--- Stored data ---

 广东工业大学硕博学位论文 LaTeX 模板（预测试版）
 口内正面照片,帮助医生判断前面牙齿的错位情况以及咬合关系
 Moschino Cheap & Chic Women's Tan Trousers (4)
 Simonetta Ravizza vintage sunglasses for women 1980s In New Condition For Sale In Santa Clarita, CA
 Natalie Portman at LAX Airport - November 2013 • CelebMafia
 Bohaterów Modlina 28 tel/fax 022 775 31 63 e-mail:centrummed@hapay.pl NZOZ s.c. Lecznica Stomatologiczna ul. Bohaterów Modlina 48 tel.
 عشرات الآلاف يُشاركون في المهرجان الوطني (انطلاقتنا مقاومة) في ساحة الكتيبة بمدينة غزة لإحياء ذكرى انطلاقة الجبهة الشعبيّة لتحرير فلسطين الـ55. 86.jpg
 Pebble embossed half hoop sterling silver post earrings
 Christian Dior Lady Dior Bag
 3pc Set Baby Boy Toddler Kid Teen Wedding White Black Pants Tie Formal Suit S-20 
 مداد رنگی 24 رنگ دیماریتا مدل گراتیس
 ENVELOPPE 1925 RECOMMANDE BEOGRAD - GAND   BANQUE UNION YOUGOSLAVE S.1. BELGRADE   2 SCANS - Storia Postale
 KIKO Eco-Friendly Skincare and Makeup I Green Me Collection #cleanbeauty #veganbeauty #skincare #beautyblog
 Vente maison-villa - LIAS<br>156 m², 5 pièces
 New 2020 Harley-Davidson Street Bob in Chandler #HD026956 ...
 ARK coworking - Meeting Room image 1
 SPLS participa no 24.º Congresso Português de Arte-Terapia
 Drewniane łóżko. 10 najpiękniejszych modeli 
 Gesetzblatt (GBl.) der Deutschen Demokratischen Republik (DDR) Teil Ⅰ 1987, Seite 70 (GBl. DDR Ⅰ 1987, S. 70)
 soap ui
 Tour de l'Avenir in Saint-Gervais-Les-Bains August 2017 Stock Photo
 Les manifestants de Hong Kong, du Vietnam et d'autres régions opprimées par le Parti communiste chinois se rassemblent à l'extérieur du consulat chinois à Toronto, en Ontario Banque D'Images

---

## Exercise description
Exact copies of all the records are to be printed.

## Answer for this exercise
 广东工业大学硕博学位论文 LaTeX 模板（预测试版）
 口内正面照片,帮助医生判断前面牙齿的错位情况以及咬合关系
 Moschino Cheap & Chic Women's Tan Trousers (4)
 Simonetta Ravizza vintage sunglasses for women 1980s In New Condition For Sale In Santa Clarita, CA
 Natalie Portman at LAX Airport - November 2013 • CelebMafia
 Bohaterów Modlina 28 tel/fax 022 775 31 63 e-mail:centrummed@hapay.pl NZOZ s.c. Lecznica Stomatologiczna ul. Bohaterów Modlina 48 tel.
 عشرات الآلاف يُشاركون في المهرجان الوطني (انطلاقتنا مقاومة) في ساحة الكتيبة بمدينة غزة لإحياء ذكرى انطلاقة الجبهة الشعبيّة لتحرير فلسطين الـ55. 86.jpg
 Pebble embossed half hoop sterling silver post earrings
 Christian Dior Lady Dior Bag
 3pc Set Baby Boy Toddler Kid Teen Wedding White Black Pants Tie Formal Suit S-20 
 مداد رنگی 24 رنگ دیماریتا مدل گراتیس
 ENVELOPPE 1925 RECOMMANDE BEOGRAD - GAND   BANQUE UNION YOUGOSLAVE S.1. BELGRADE   2 SCANS - Storia Postale
 KIKO Eco-Friendly Skincare and Makeup I Green Me Collection #cleanbeauty #veganbeauty #skincare #beautyblog
 Vente maison-villa - LIAS<br>156 m², 5 pièces
 New 2020 Harley-Davidson Street Bob in Chandler #HD026956 ...
 ARK coworking - Meeting Room image 1
 SPLS participa no 24.º Congresso Português de Arte-Terapia
 Drewniane łóżko. 10 najpiękniejszych modeli 
 Gesetzblatt (GBl.) der Deutschen Demokratischen Republik (DDR) Teil Ⅰ 1987, Seite 70 (GBl. DDR Ⅰ 1987, S. 70)
 soap ui
 Tour de l'Avenir in Saint-Gervais-Les-Bains August 2017 Stock Photo
 Les manifestants de Hong Kong, du Vietnam et d'autres régions opprimées par le Parti communiste chinois se rassemblent à l'extérieur du consulat chinois à Toronto, en Ontario Banque D'Images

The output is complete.